The door cracked open behind him.
“Dr. Kaiser?” A man spoke, and Liv tried to focus on the figure who stepped into the room.
“Is this your-”
But Stephen cut him off.
“Get out, get out!” he screeched and shoved the doctor back out the door.
He fumbled across the metal table, sending bottles and vials skidding to the floor. He plunged a syringe into a glass tube and then stuck it into Liv’s neck.
“I can make you sleep forever if I want, Liv. How would you like that?” He put a hand to his temple.
Liv saw the red blood vessels running through the whites of his eyes, the deep creases in his forehead.
She struggled to keep her eyes open, to watch his unraveling, but his drugs worked quickly. She drifted down.
Mack
“Can I get a pass to go outdoors?” Mack tapped Edmund, the regular orderly in his ward, on the shoulder. The man jumped up and swung around as if he meant to strike Mack.
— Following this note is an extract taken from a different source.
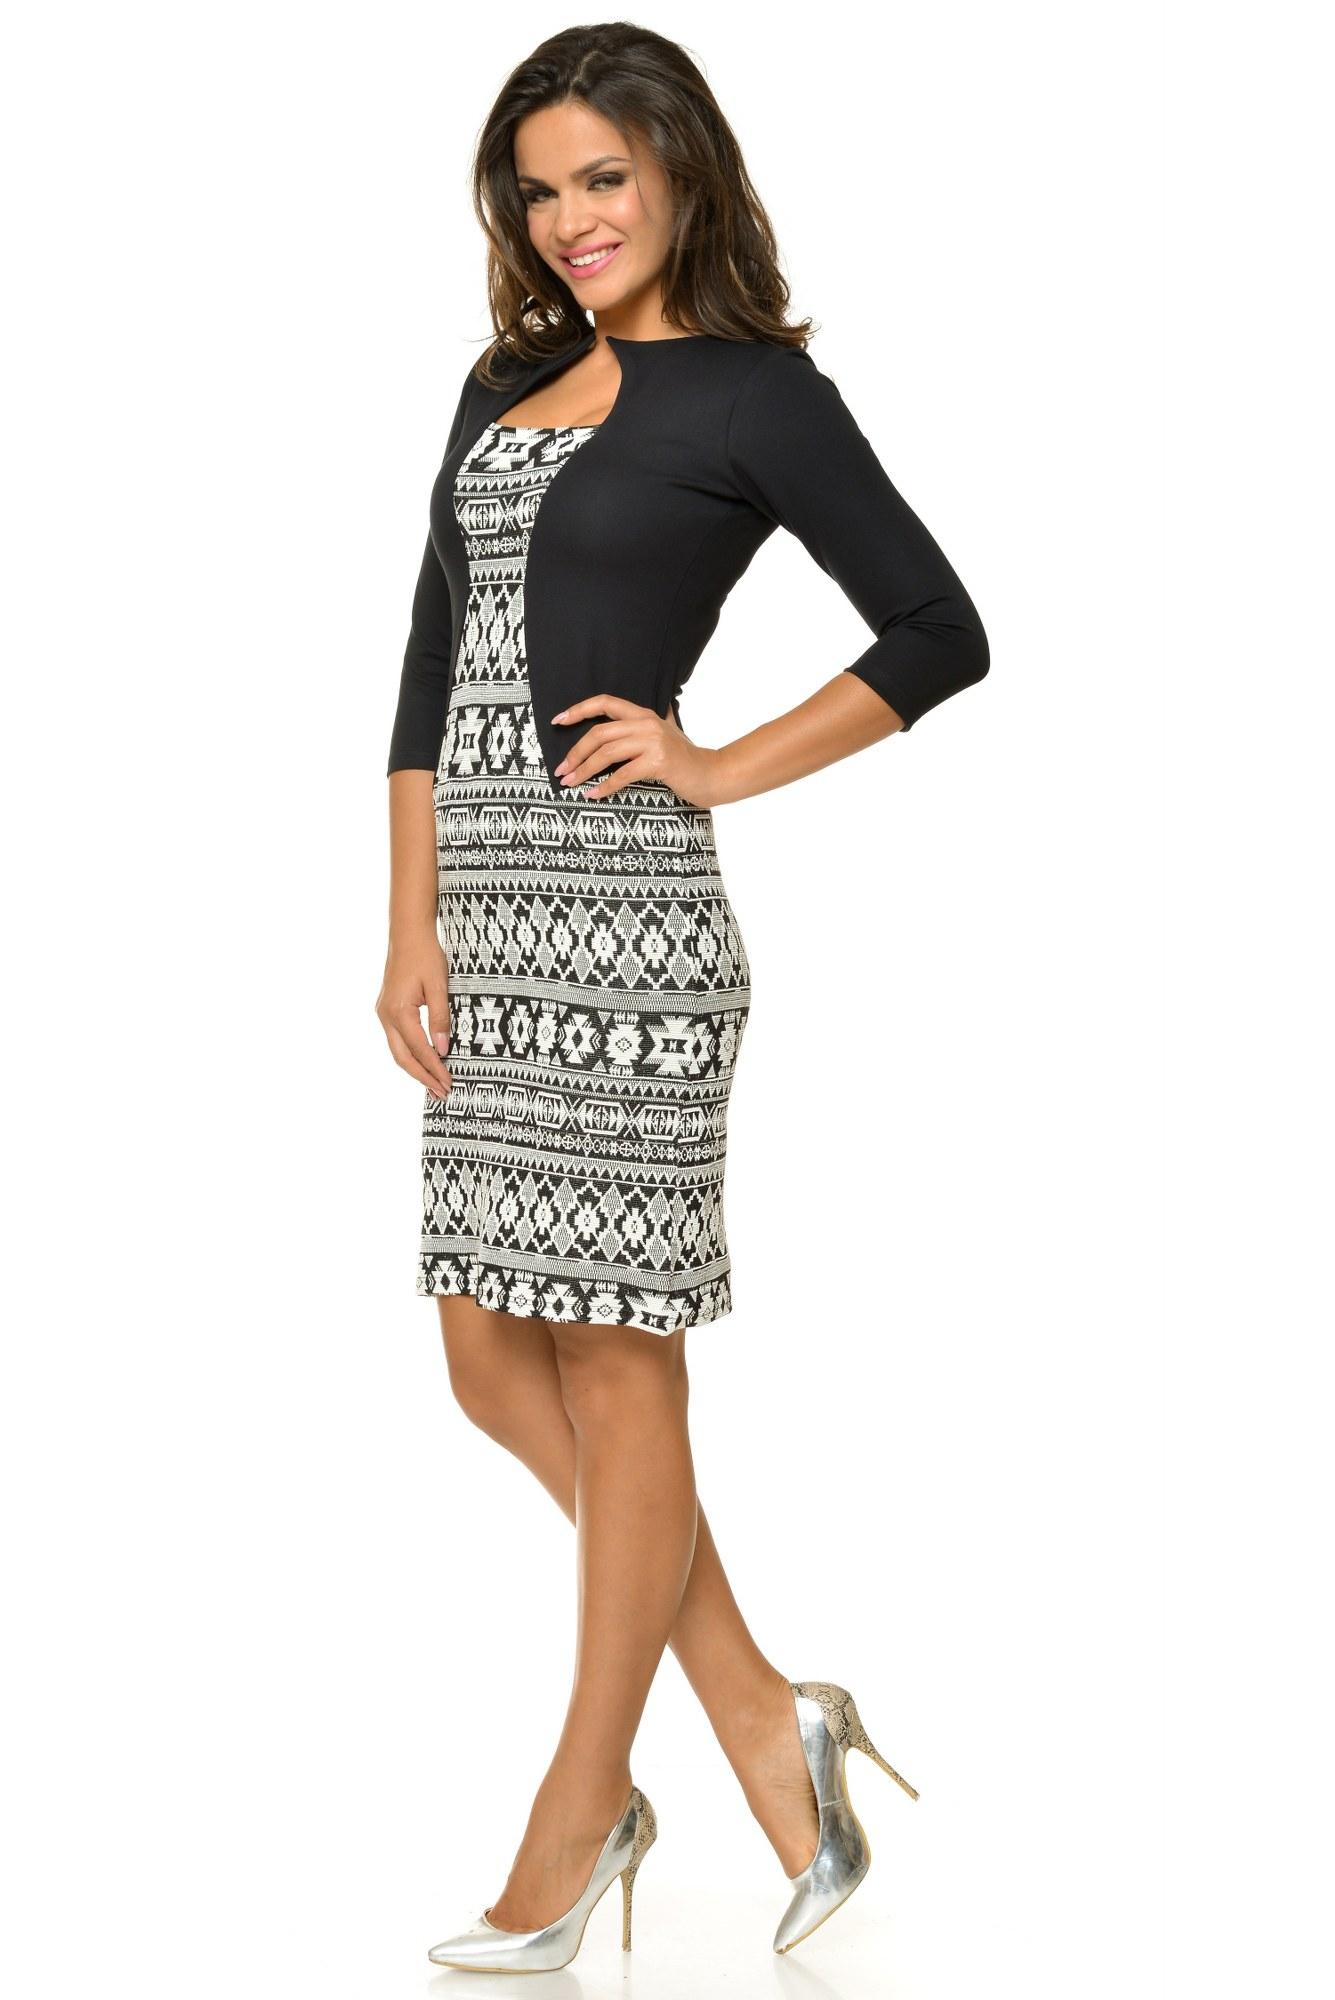 Rochie alb-negru office Natalee imprimata

Mack stepped back and held up his hands.
Edmund, big and burly and hardly the type to scare, looked at him apologetically.
“Sorry, Mack. Everyone’s on edge today. No grounds passes until further notice.”
Mack frowned and wandered over to two men whispering by the game table. One man, a newcomer named Riley, was talking fervently and gesturing with his hands. The second man, a little guy named Travis, with pointed features and a diagnosis of manic disorder, gave Mack a significant look when he approached.